Extracted material
━━━

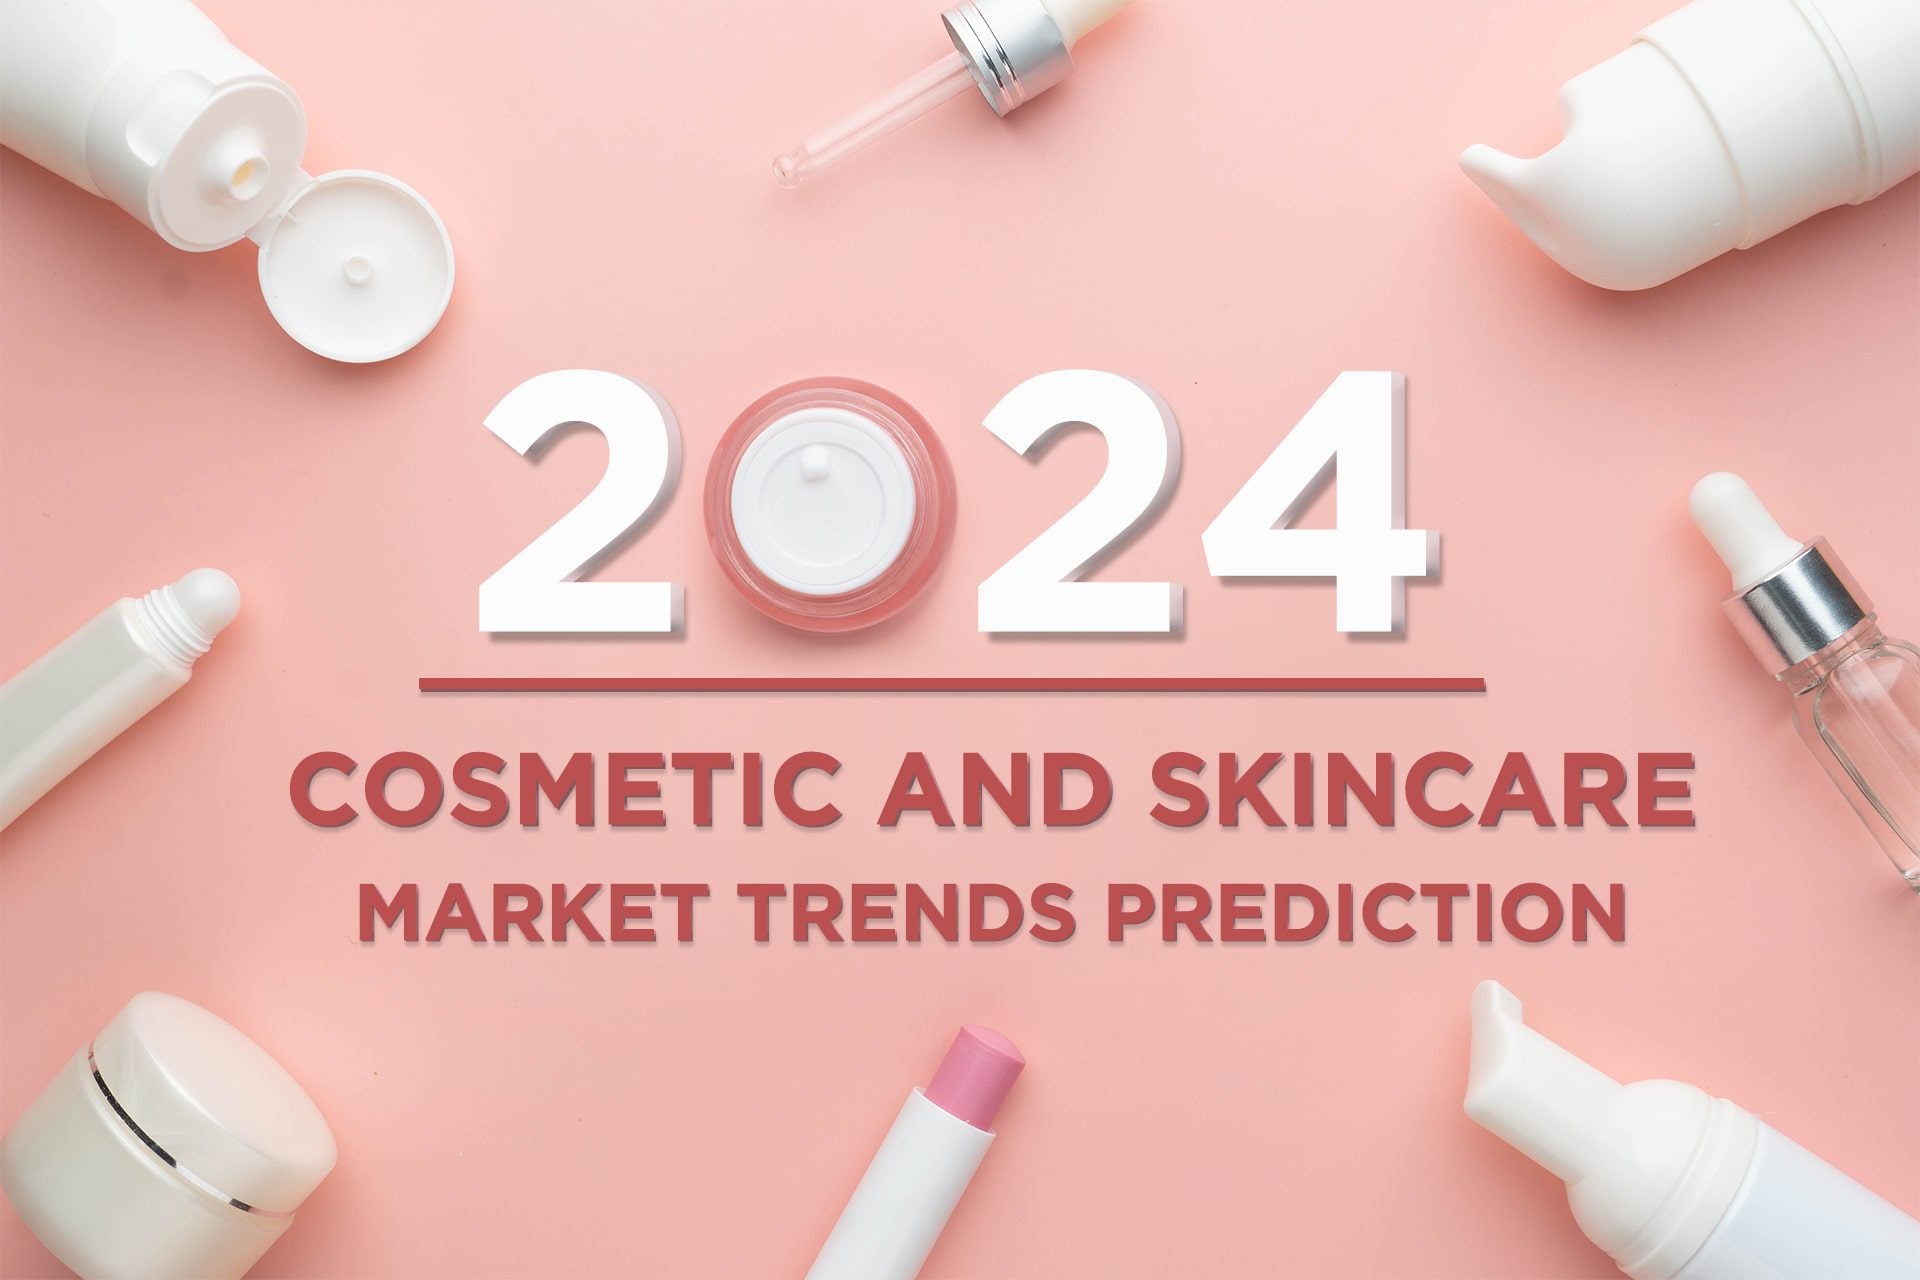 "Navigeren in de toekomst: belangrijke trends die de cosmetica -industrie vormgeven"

━━━

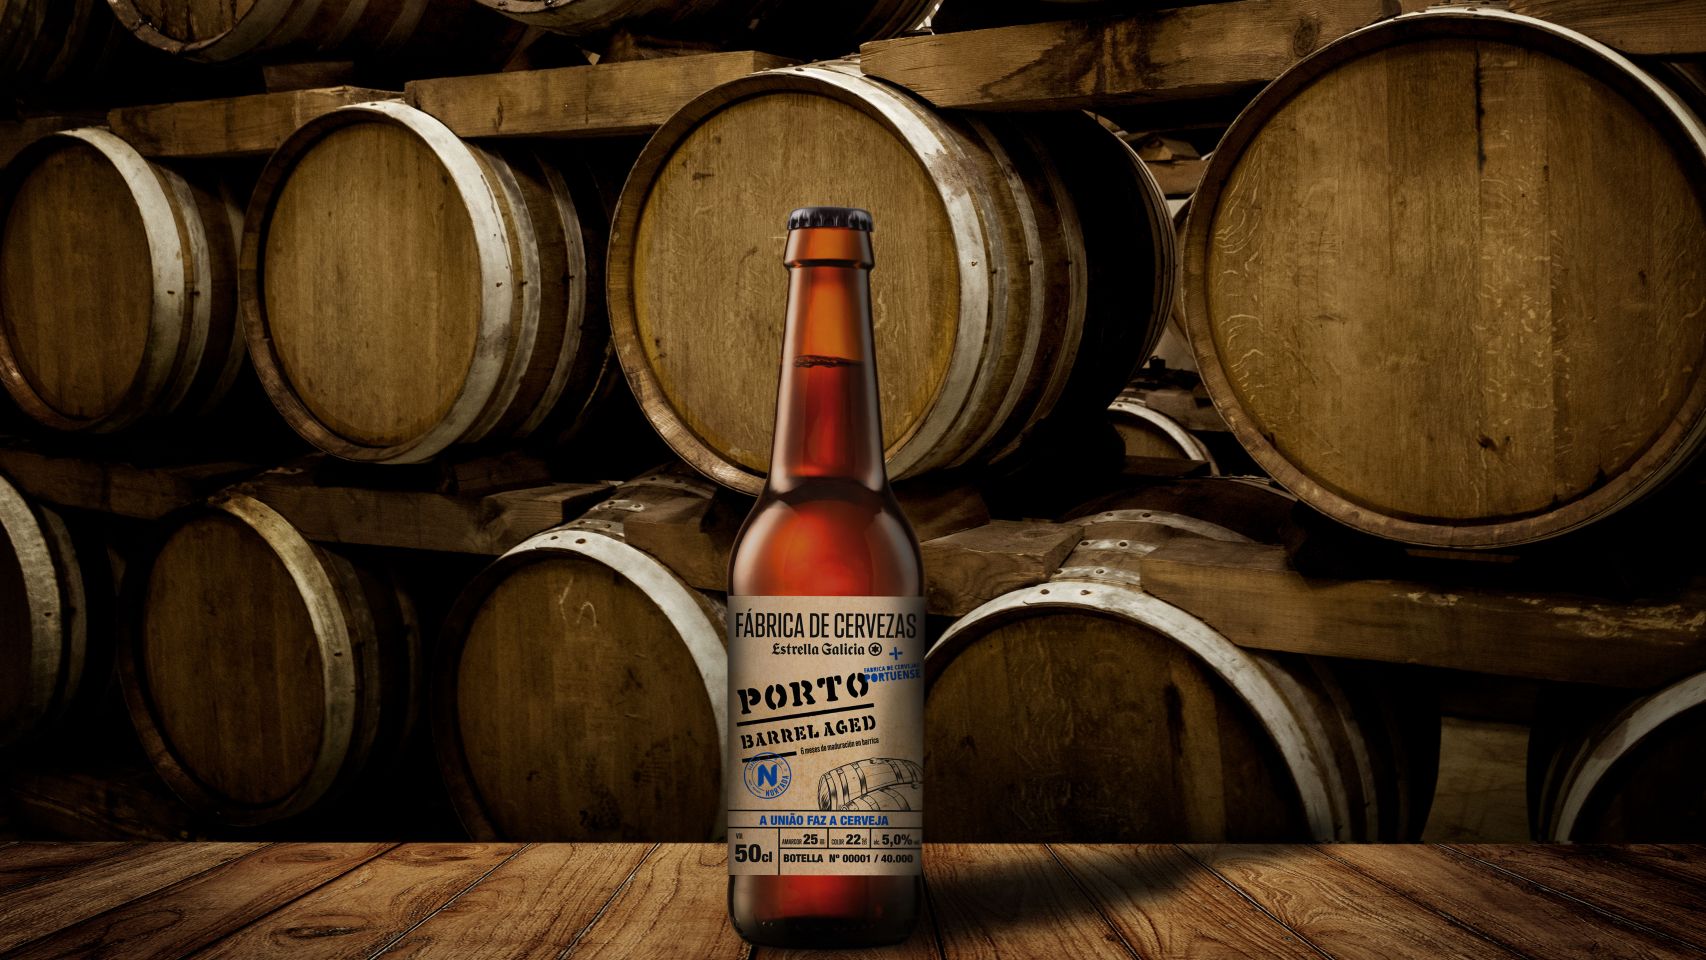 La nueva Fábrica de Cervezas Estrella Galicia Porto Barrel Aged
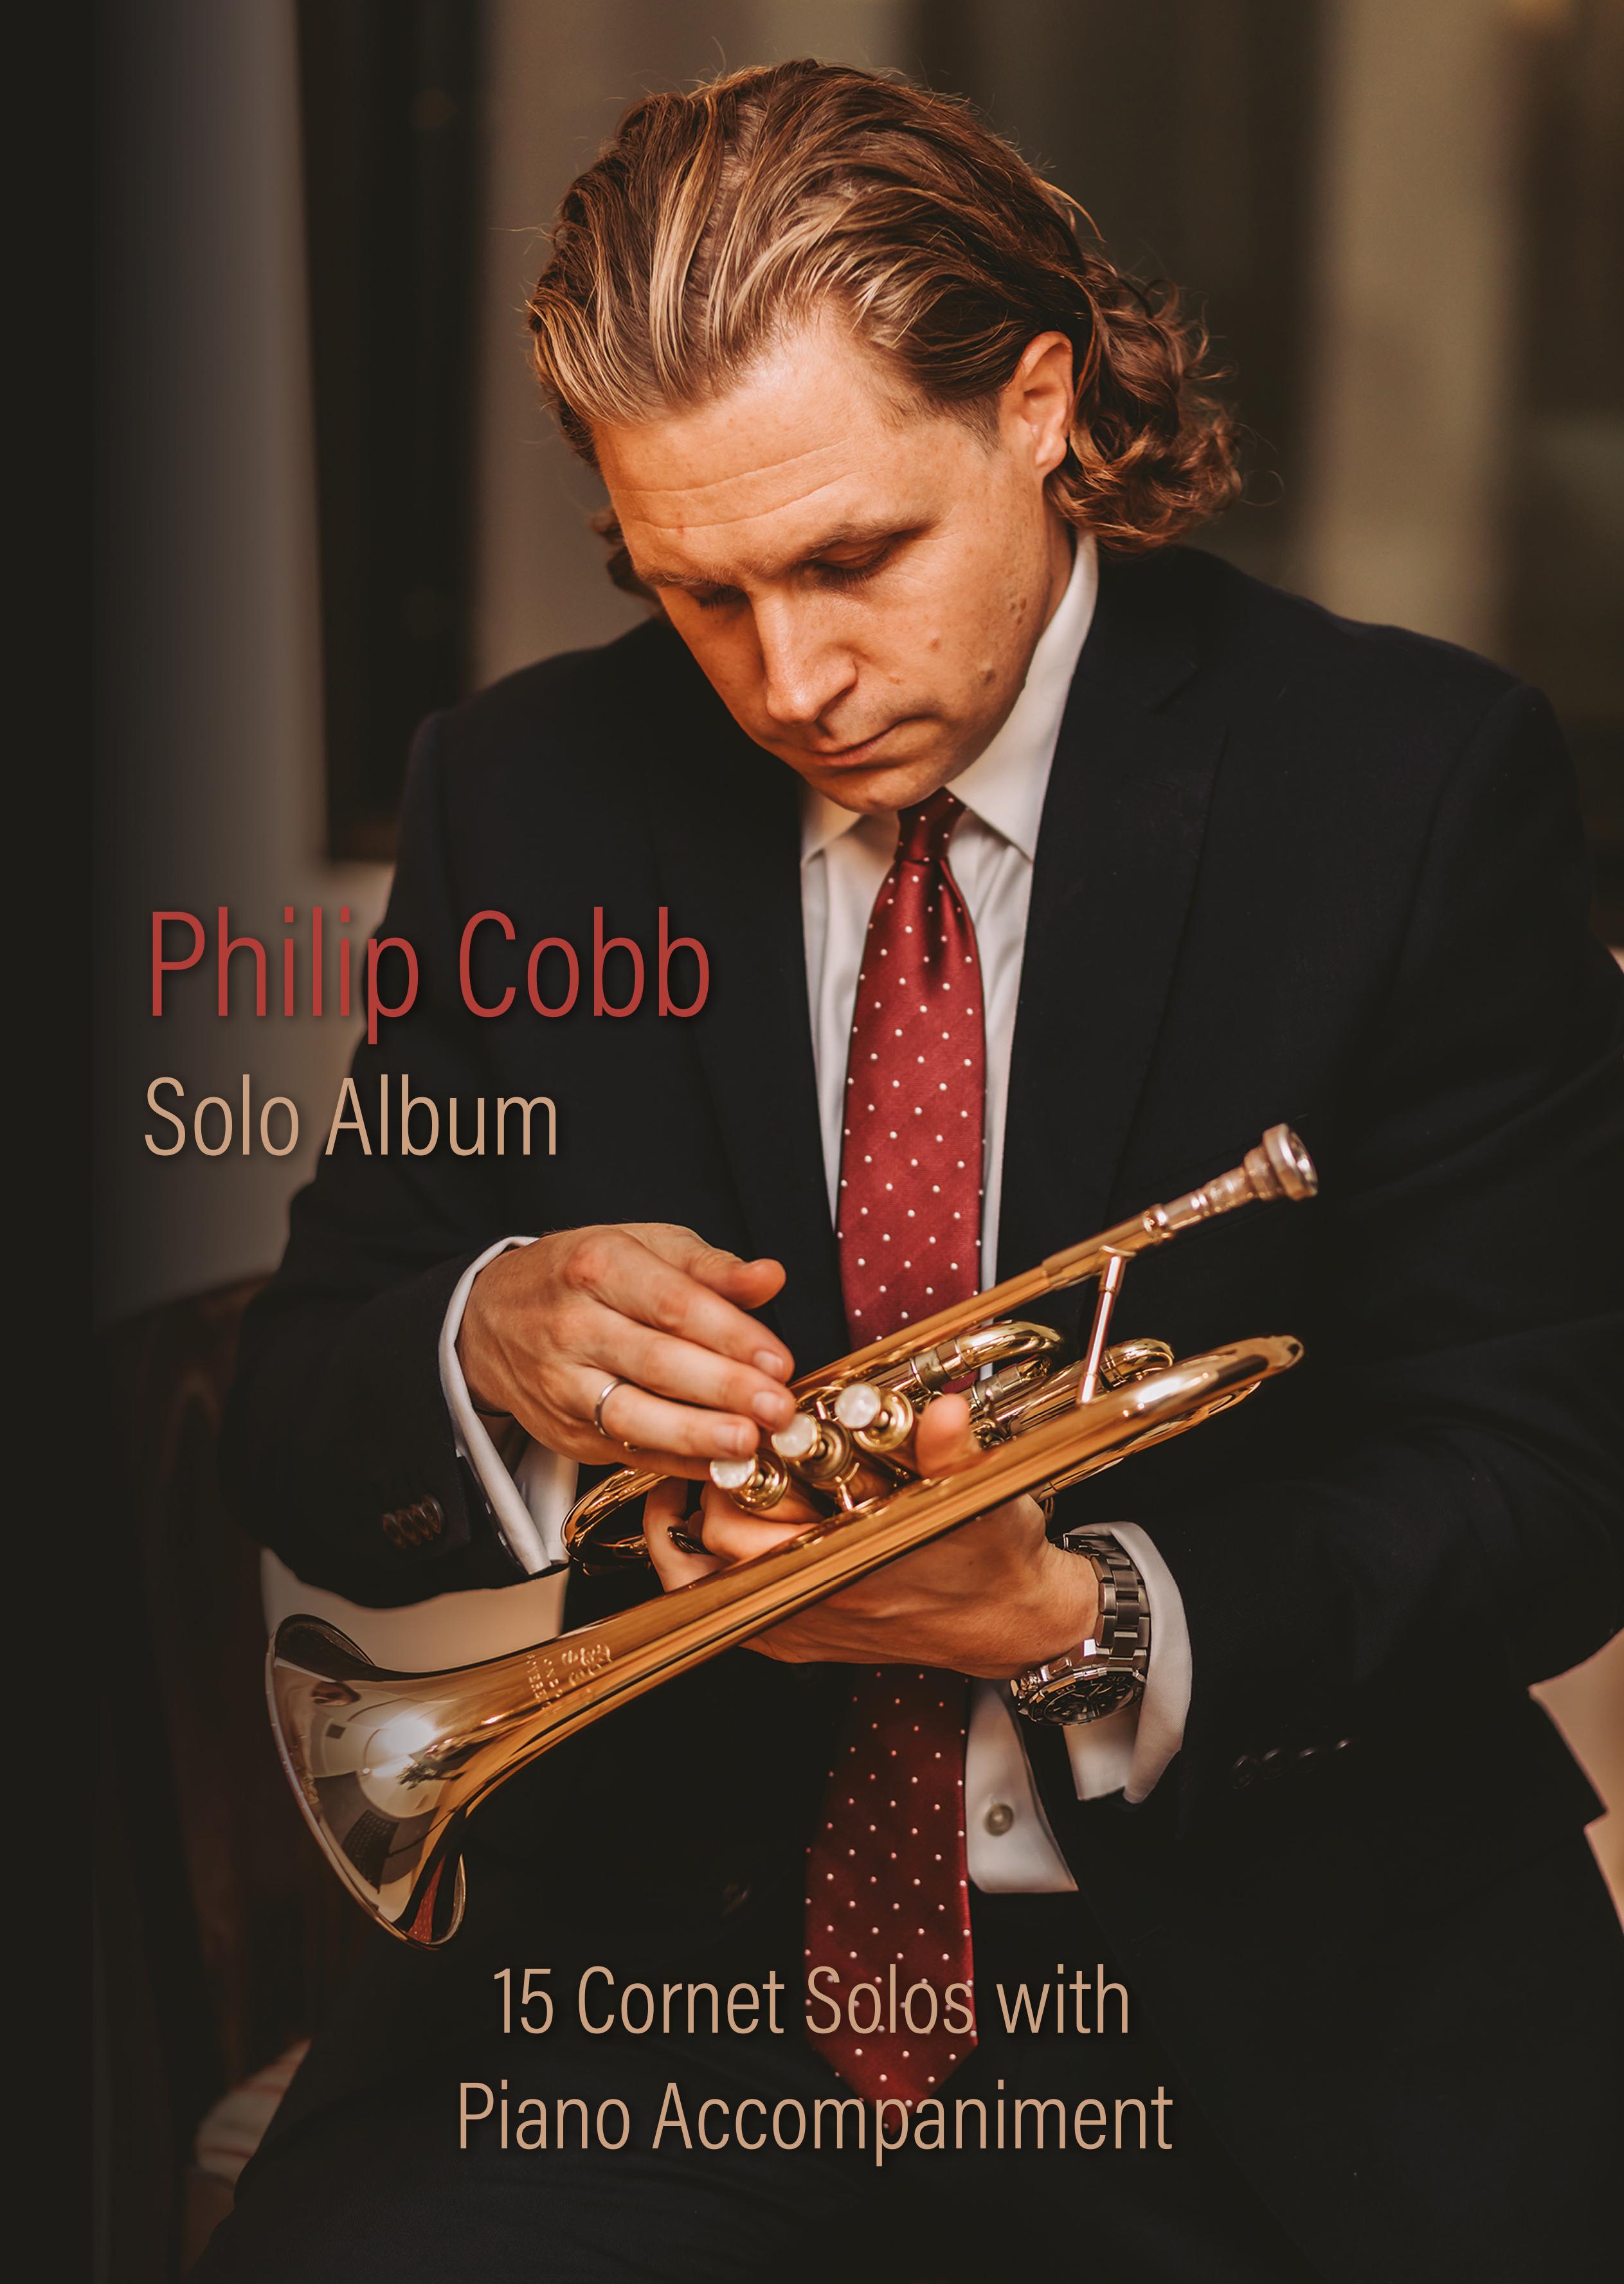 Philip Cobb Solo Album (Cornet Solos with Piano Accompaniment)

━━━

Problem description
Your task is to copy only the lines above starting at the one containing "La nueva Fábrica" and ending at the one containing "Philip Cobb Solo". Copy them exactly, both ends included, and omit the pictures.

Expected answer
 La nueva Fábrica de Cervezas Estrella Galicia Porto Barrel Aged
 Philip Cobb Solo Album (Cornet Solos with Piano Accompaniment)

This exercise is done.